§ **Task goal**
Skip the pictures and copy all the data that follows exactly.

§ **Data to examine**
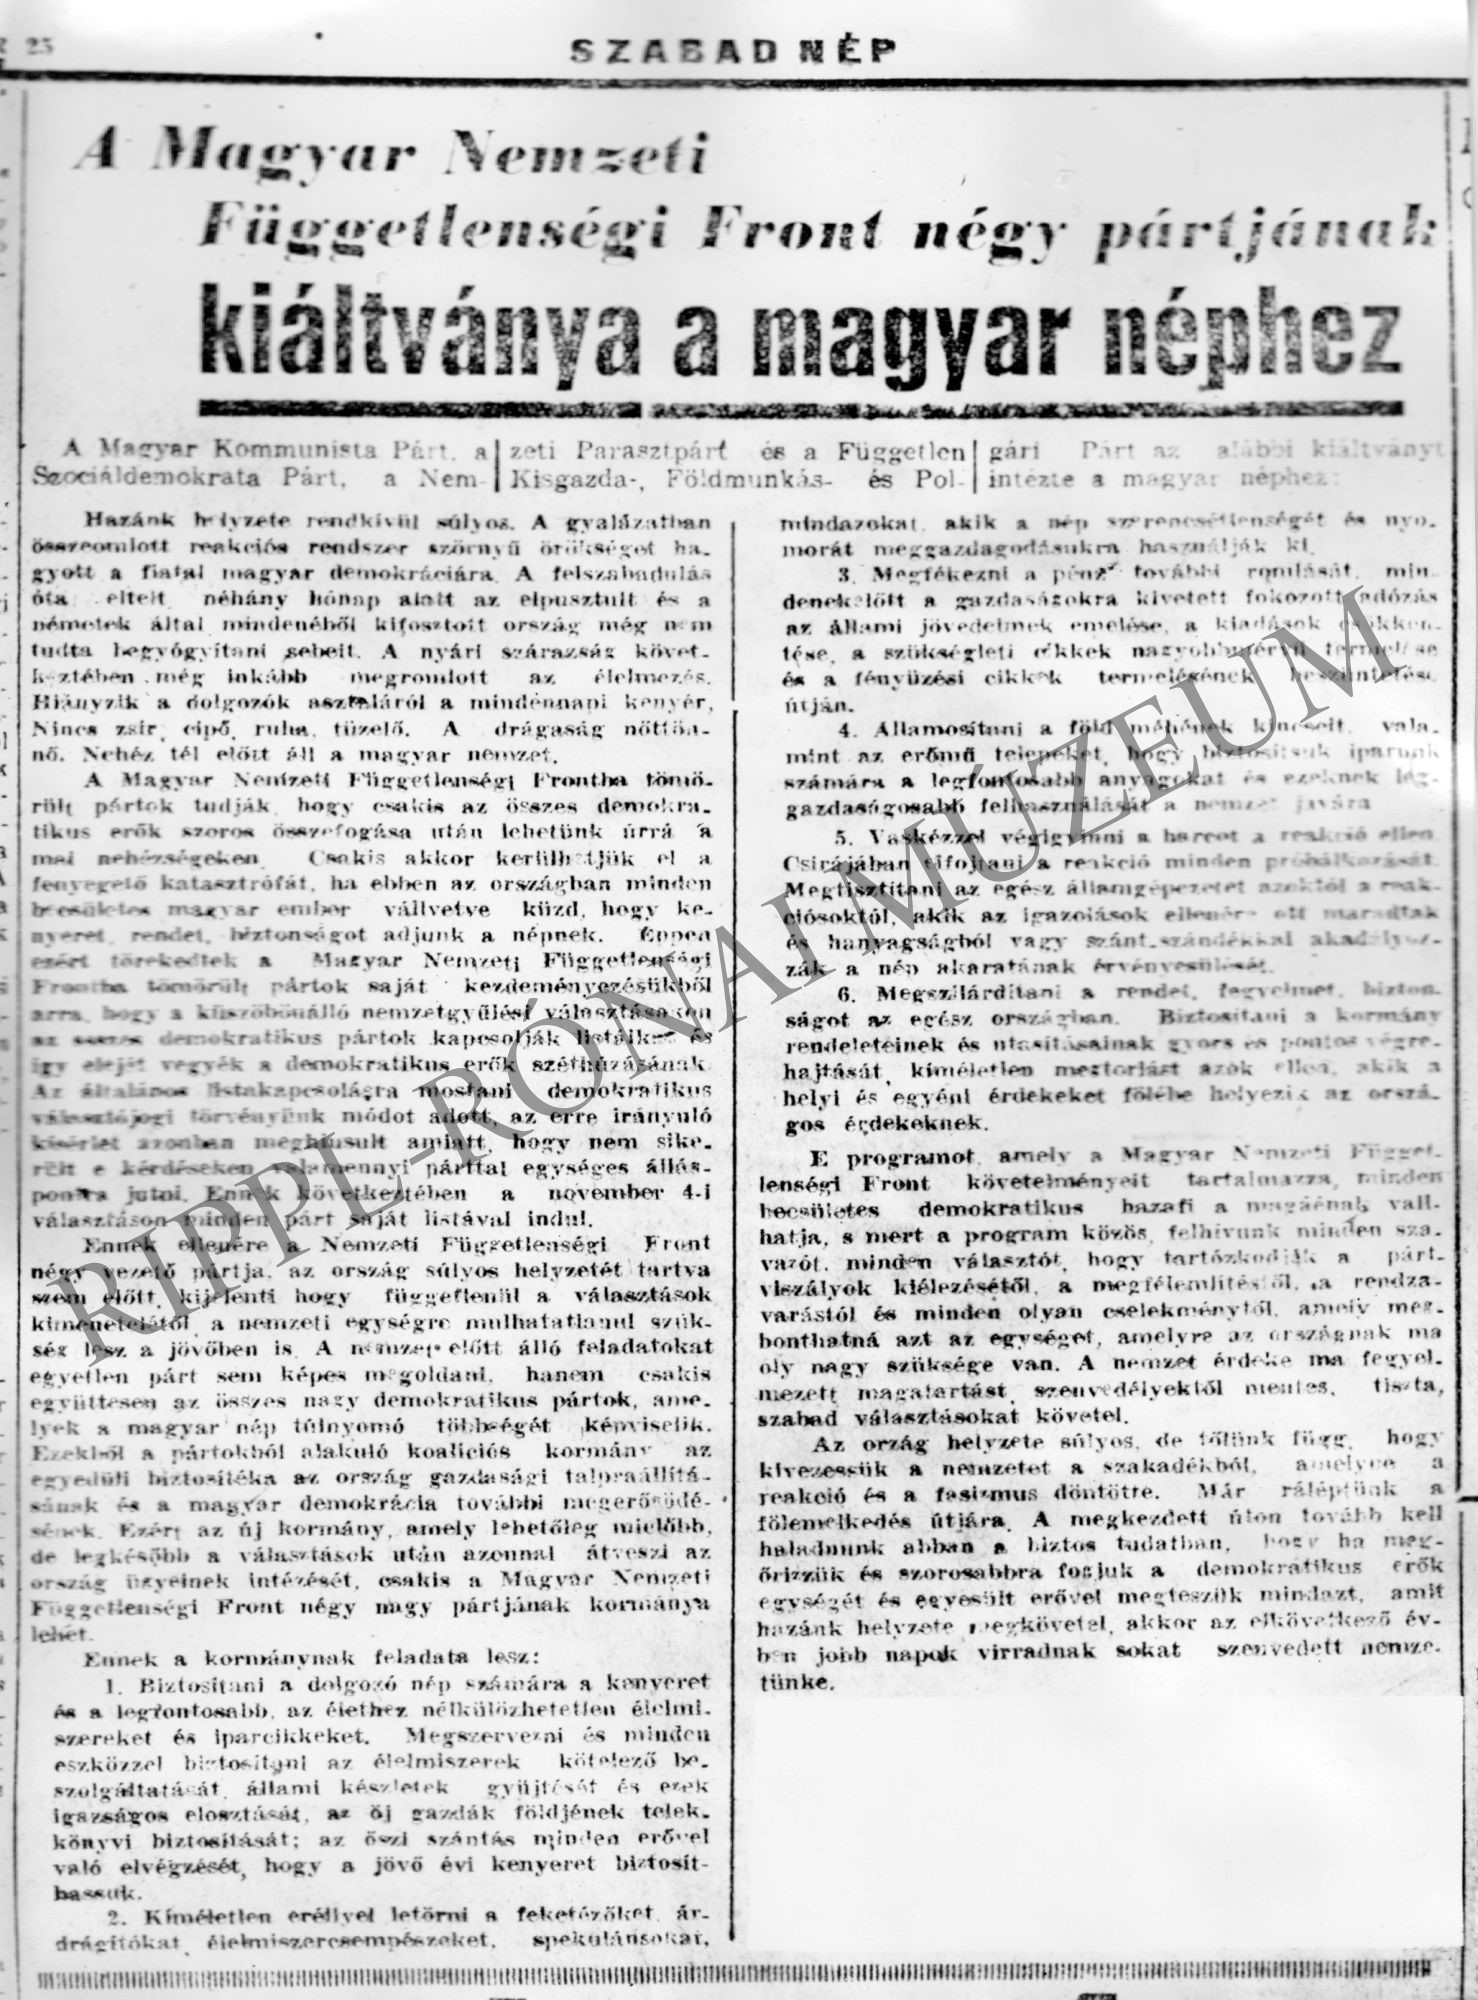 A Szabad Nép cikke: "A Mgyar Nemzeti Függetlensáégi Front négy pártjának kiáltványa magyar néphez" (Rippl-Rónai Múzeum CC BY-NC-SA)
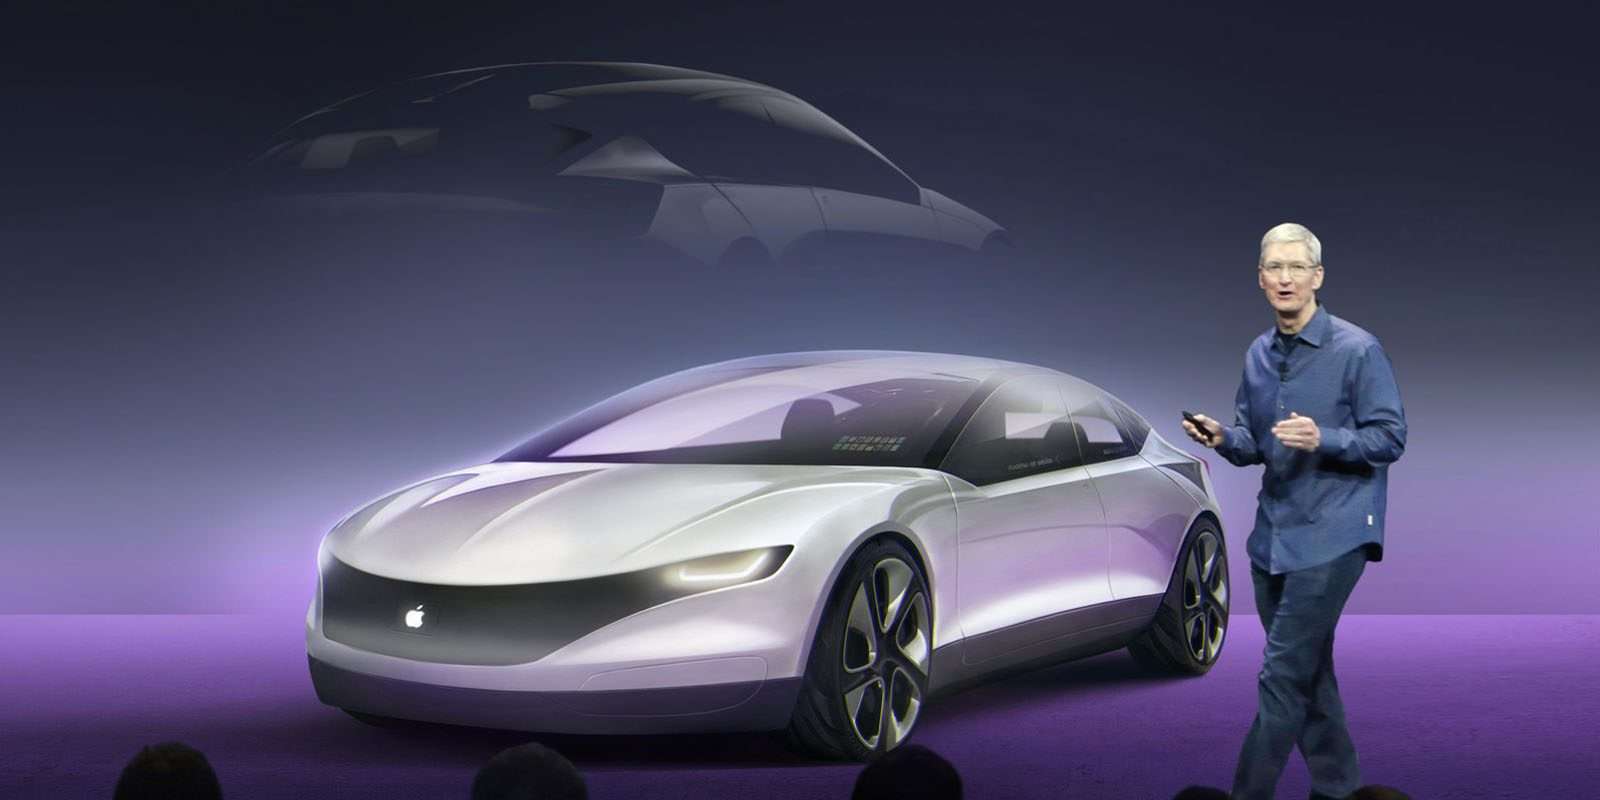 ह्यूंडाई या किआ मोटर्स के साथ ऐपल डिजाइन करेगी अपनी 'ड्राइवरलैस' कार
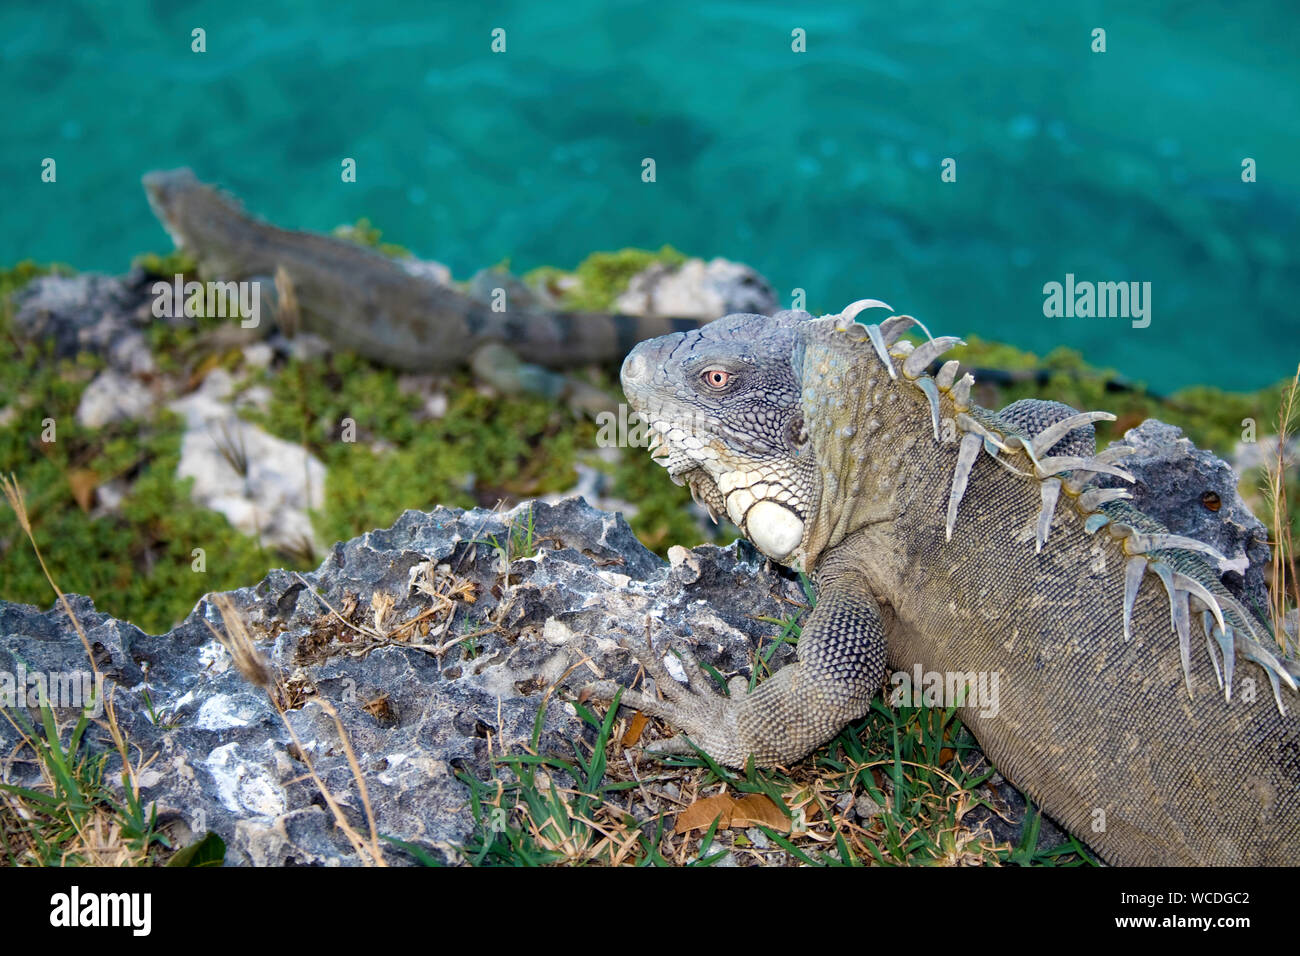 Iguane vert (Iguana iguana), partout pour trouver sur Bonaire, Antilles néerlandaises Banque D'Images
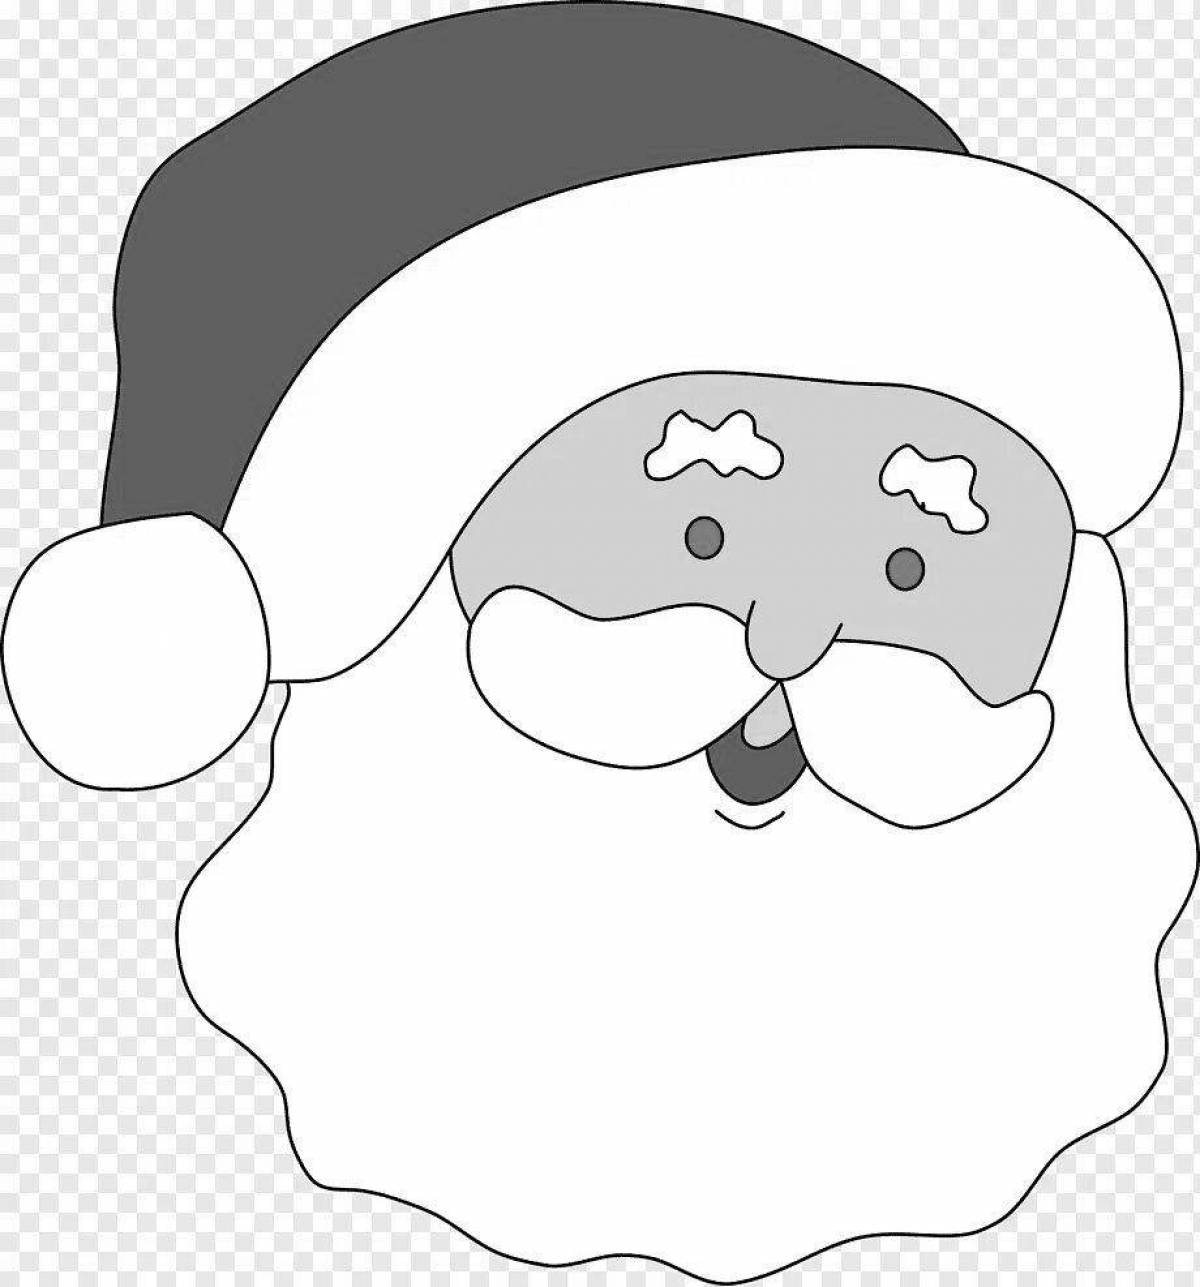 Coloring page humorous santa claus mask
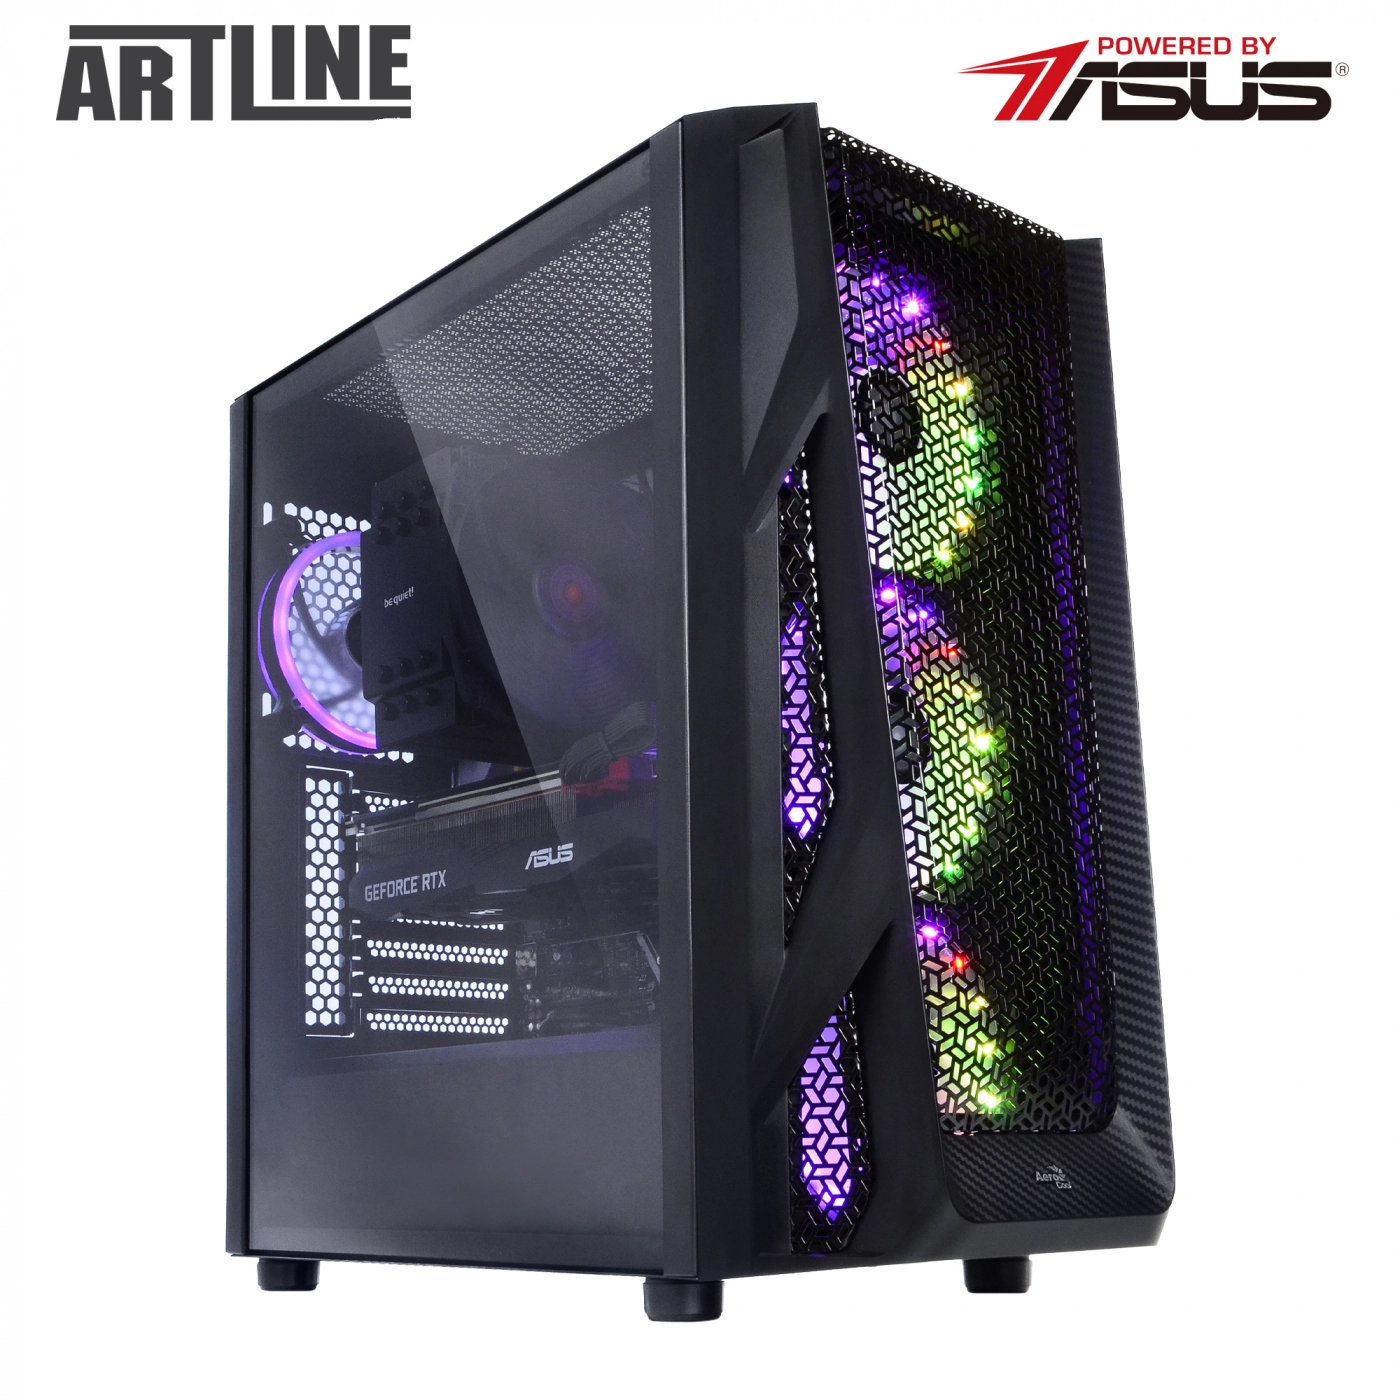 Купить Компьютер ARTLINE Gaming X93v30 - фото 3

§ **Answer to the problem**
 A Szabad Nép cikke: "A Mgyar Nemzeti Függetlensáégi Front négy pártjának kiáltványa magyar néphez" (Rippl-Rónai Múzeum CC BY-NC-SA)
 ह्यूंडाई या किआ मोटर्स के साथ ऐपल डिजाइन करेगी अपनी 'ड्राइवरलैस' कार
 Iguane vert (Iguana iguana), partout pour trouver sur Bonaire, Antilles néerlandaises Banque D'Images
 Coloring page humorous santa claus mask
 Купить Компьютер ARTLINE Gaming X93v30 - фото 3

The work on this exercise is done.